Валентина ничего не ответила, но Максимилиан услышал, что она вздыхает и плачет. Он сразу опомнился.

– Валентина, Валентина! – воскликнул он. – Забудьте мои слова, если я огорчил вас!

– Нет, – сказала она, – всё это верно, но разве вы не видите, как я несчастна и одинока. Я живу почти в чужом доме, потому что мой отец почти чужой мне; вот уже десять лет мою волю каждый день, каждый час, каждую минуту подавляет железная воля моих властителей. Никто не видит моих страданий, и я сказала о них только вам. Кажется, будто все добры ко мне, все меня любят; на самом деле все враждебны мне. Люди говорят: господин де Вильфор слишком серьёзный и слишком строгий человек, чтобы проявлять к дочери большую нежность, но зато она должна быть счастлива, что нашла в госпоже де Вильфор вторую мать. Так вот, люди ошибаются: отец совершенно равнодушен ко мне, а мачеха жестоко ненавидит меня, и эта ненависть тем ужаснее, что она прикрывается вечной улыбкой.
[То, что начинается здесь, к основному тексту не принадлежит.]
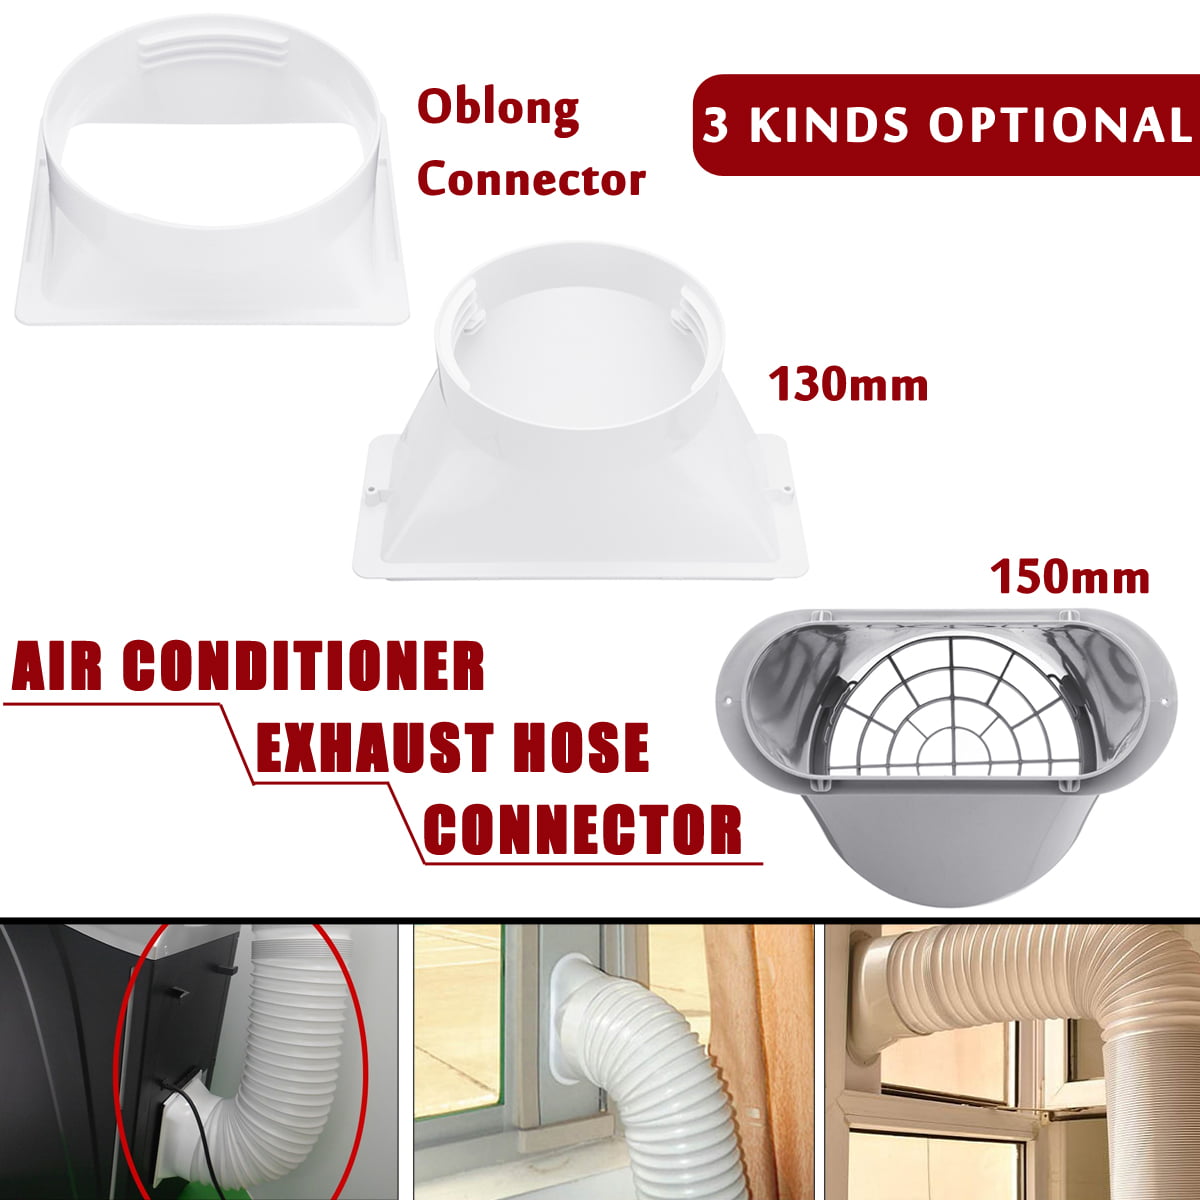 GDZTBS Air Conditioner Exhaust Hose Adapter Universal Window Adaptor Exhaust Pipe Adapter Hose Connector Window Adaptor Tube for Portable Air Conditioner Spare Parts

– Ненавидит вас, Валентина? Как можно вас ненавидеть?

– Друг мой, – сказала Валентина, – я должна сознаться, что её ненависть ко мне объясняется очень просто. Она обожает своего сына, моего брата Эдуарда.

– Так что же?

– Право, мне как-то странно примешивать сюда денежные вопросы, но всё-таки, мне кажется, её ненависть вызывается именно этим. У неё самой нет никакого состояния, я же получила большое наследство после моей матери, и это богатство ещё удвоится тем, что я когда-нибудь унаследую от господина и госпожи де Сен-Меран; ну вот, мне и кажется, что она завидует. Боже мой, если бы я могла отдать ей половину своего состояния, лишь бы чувствовать себя родной дочерью в доме моего отца, я, конечно, сейчас же сделала бы это.

– Бедная моя Валентина!

– Да, я чувствую себя скованной и в то же время такой слабой, что мне кажется, будто мои оковы поддерживают меня, и я боюсь их сбросить. К тому же мой отец не из тех людей, которых можно безнаказанно ослушаться; он повелевает мной, он повелевал бы и вами и даже самим королём, потому что он силён своим незапятнанным прошлым и своим почти неприступным положением. Клянусь вам, Максимилиан, я не вступаю в борьбу, потому что боюсь этим погубить вас вместе с собой.

– И всё же, Валентина, – возразил Максимилиан, – зачем отчаиваться и смотреть так мрачно на будущее?

– Друг мой, я сужу о нём по прошлому.

– Но послушайте, если с аристократической точки зрения я и не представляю блестящей партии, то я всё же во многих отношениях принадлежу к тому обществу, среди которого вы живёте. Прошло то время, когда во Франции существовали две Франции: знать времён монархии слилась со знатью Империи, аристократия меча сроднилась с аристократией пушки… А я принадлежу к этой последней: в армии меня ждёт прекрасное будущее; у меня хоть и небольшое, но независимое состояние; наконец, в наших краях помнят и чтут моего отца как одного из самых благородных негоциантов, когда-либо существовавших. Я говорю: «в наших краях», Валентина, потому что вы тоже почти из Марселя.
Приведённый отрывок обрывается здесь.